Après des décennies de réticence militaire, Berlin a entamé son réarmement. L’Allemagne se repositionne comme acteur central de la défense européenne. Le contexte est sans ambiguïté : l’invasion de l’Ukraine, les provocations de la Russie et les exigences de l’OTAN ont conduit notre voisin à prendre ses responsabilités.
« Germany is back on Track » (« L’Allemagne est de retour ») avait déjà prévenu Friedrich Merz, quelques semaines avant son élection à la chancellerie. Ce slogan victorieux, en anglais, résonnait alors comme une réponse à l’offensive commerciale mondiale du président américain Donald Trump. « L’Allemagne s’acquittera de ses obligations en termes de défense. Elle est prête à renforcer sa propre compétitivité », a ensuite précisé Friedrich Merz, toujours en anglais, dans un message explicitement adressé de Washington.

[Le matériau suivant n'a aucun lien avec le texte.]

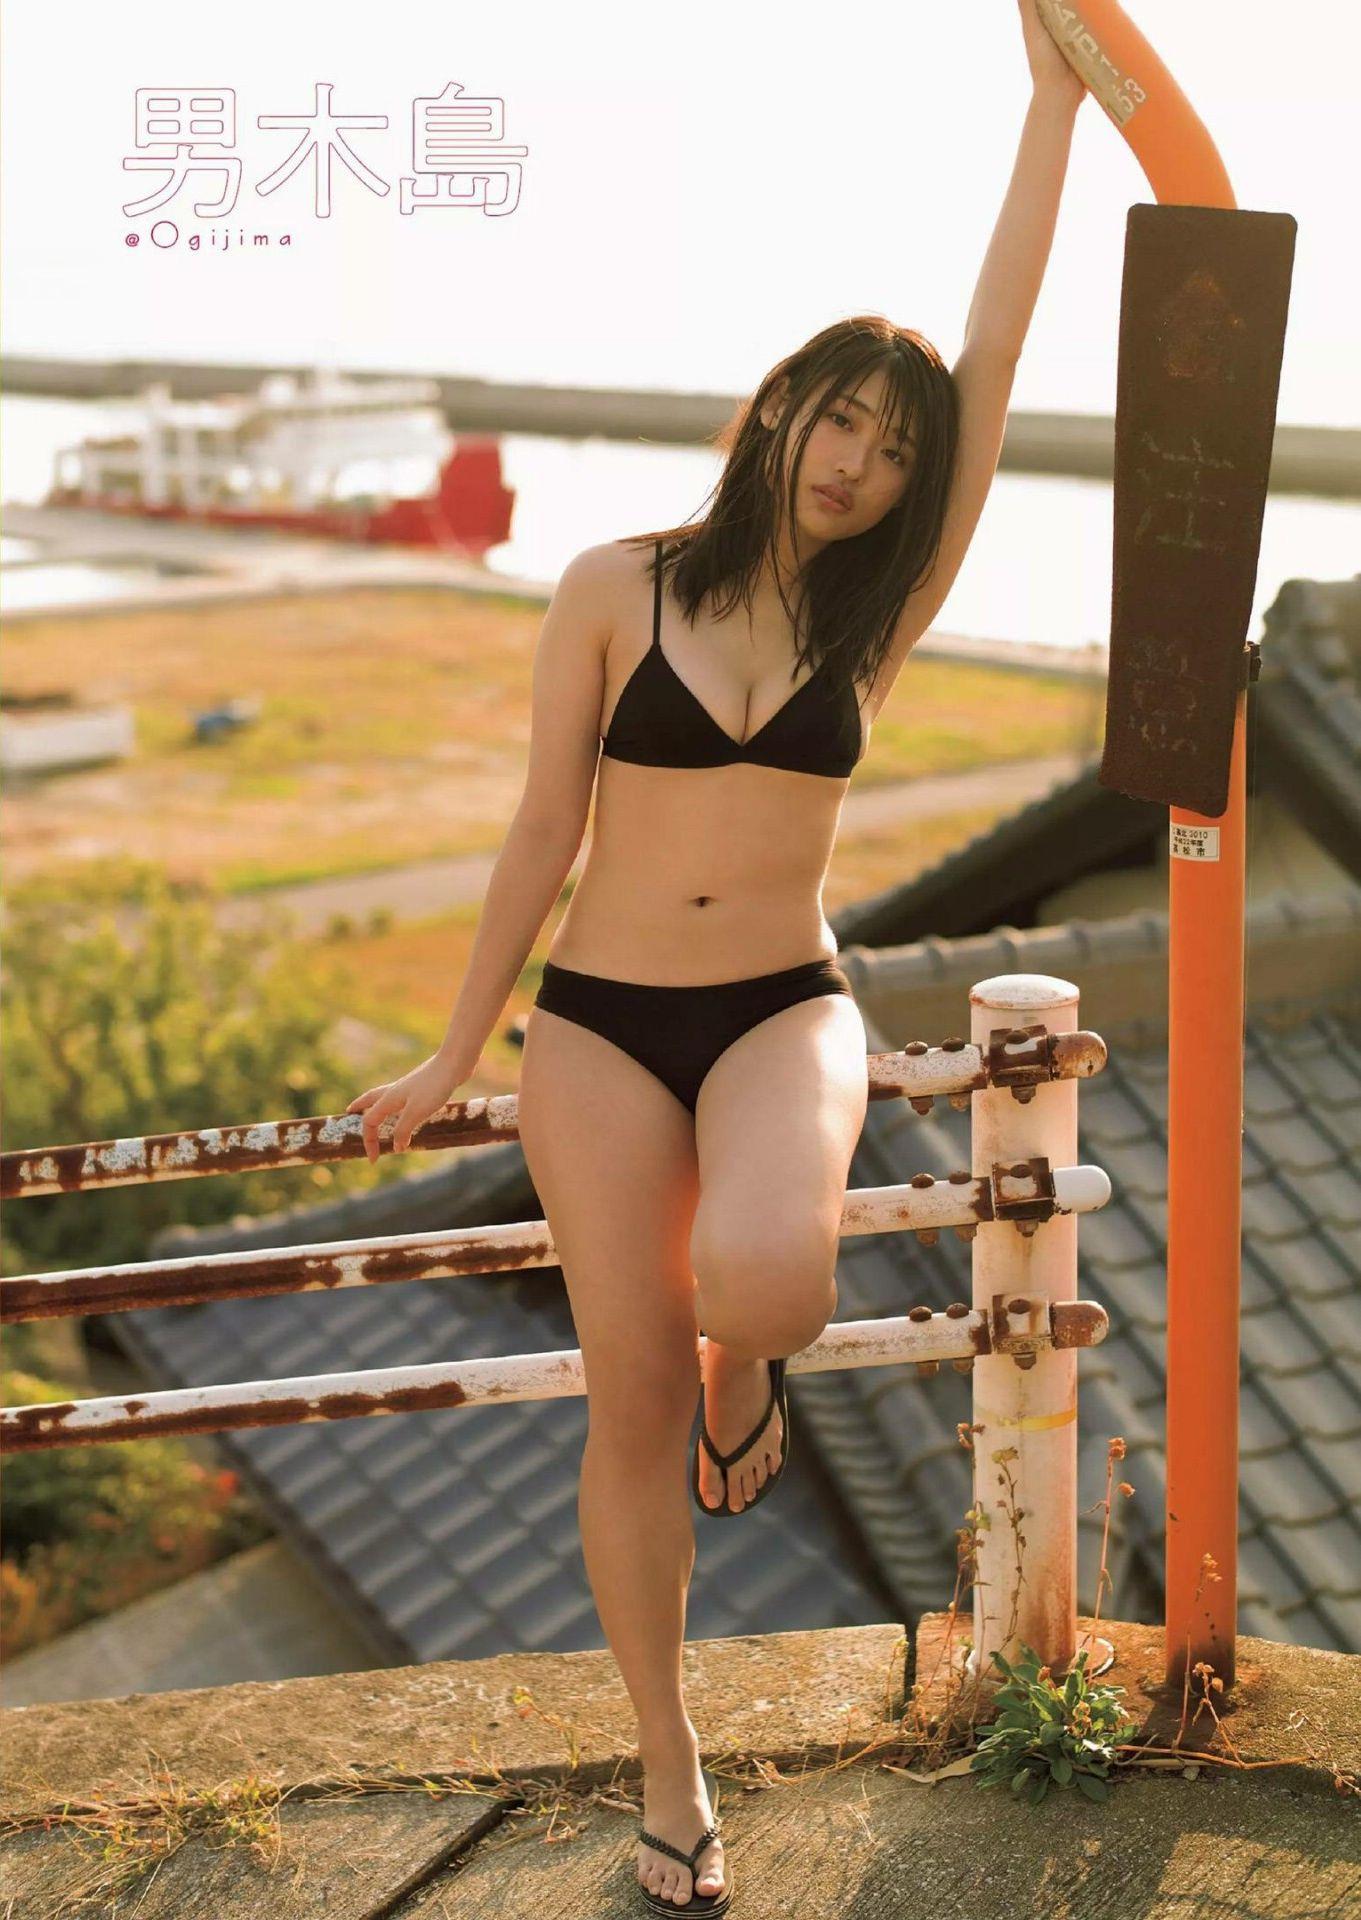 Weekly Playboy 2019-12-22_imgs-0005a
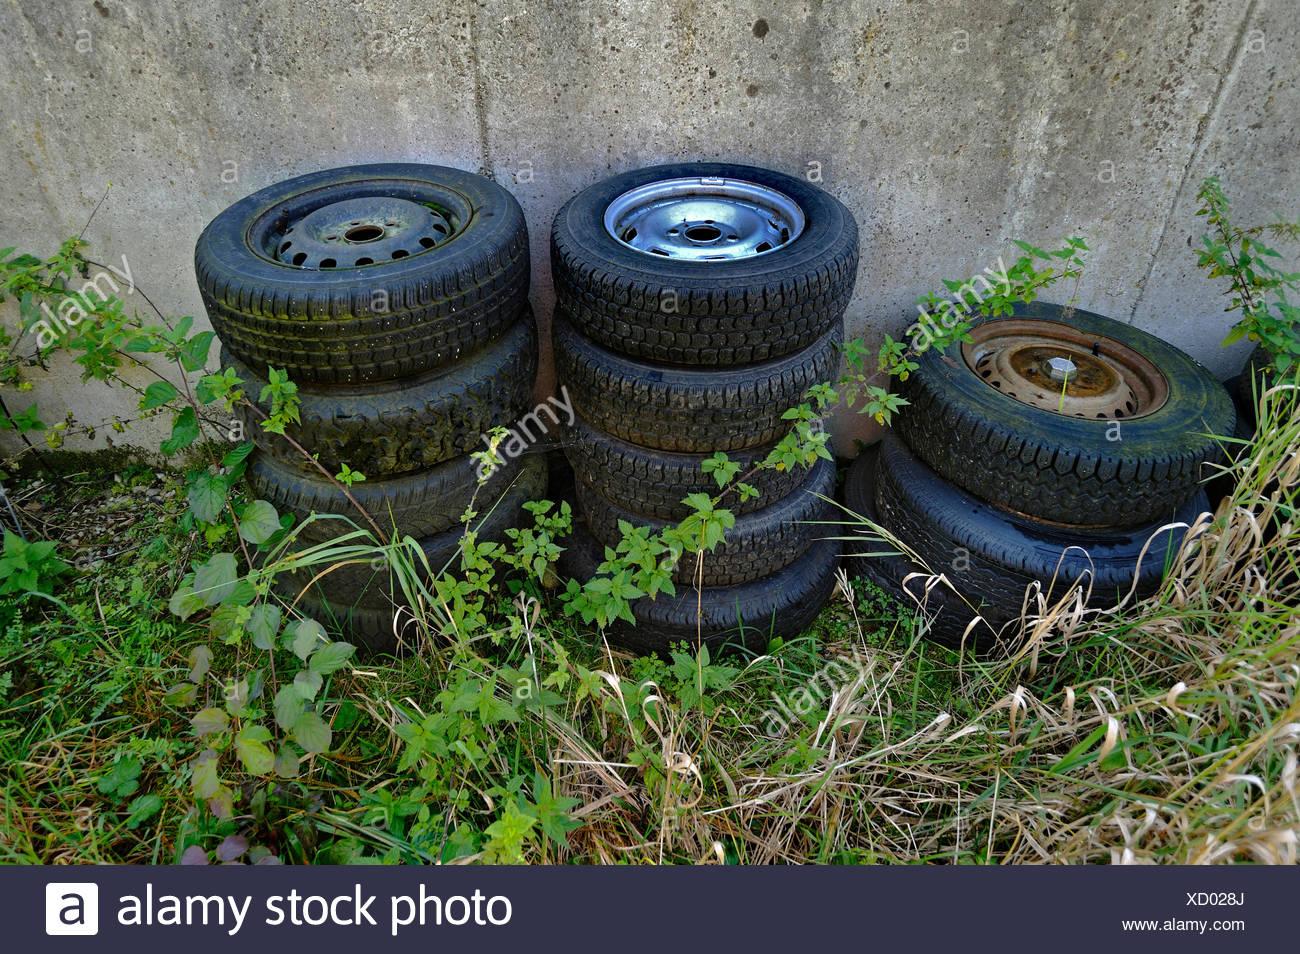 Old car tires between nettles, Schaeftlarn, Bavaria - Stock Image

Cet été, le « Back on Track » a confirmé ses allures martiales. Signe tangible de la fin de la frilosité stratégique, la coalition CDU-SPD a prévu de doubler le budget défense de l’Allemagne d’ici 2029. Un record, dans un pays où l’électorat de gauche reste attaché à une forme de pacifisme entretenue depuis la guerre froide. Le fabricant d’armements Rheinmetall, basé à Dusseldorf, a inauguré le 27 août la plus grande usine de munitions d’Europe, dans le land de Basse-Saxe. Les contrats d’armement comprennent des missiles antiaériens, des frégates, des sous-marins, des lunettes de vision nocturne, des camions.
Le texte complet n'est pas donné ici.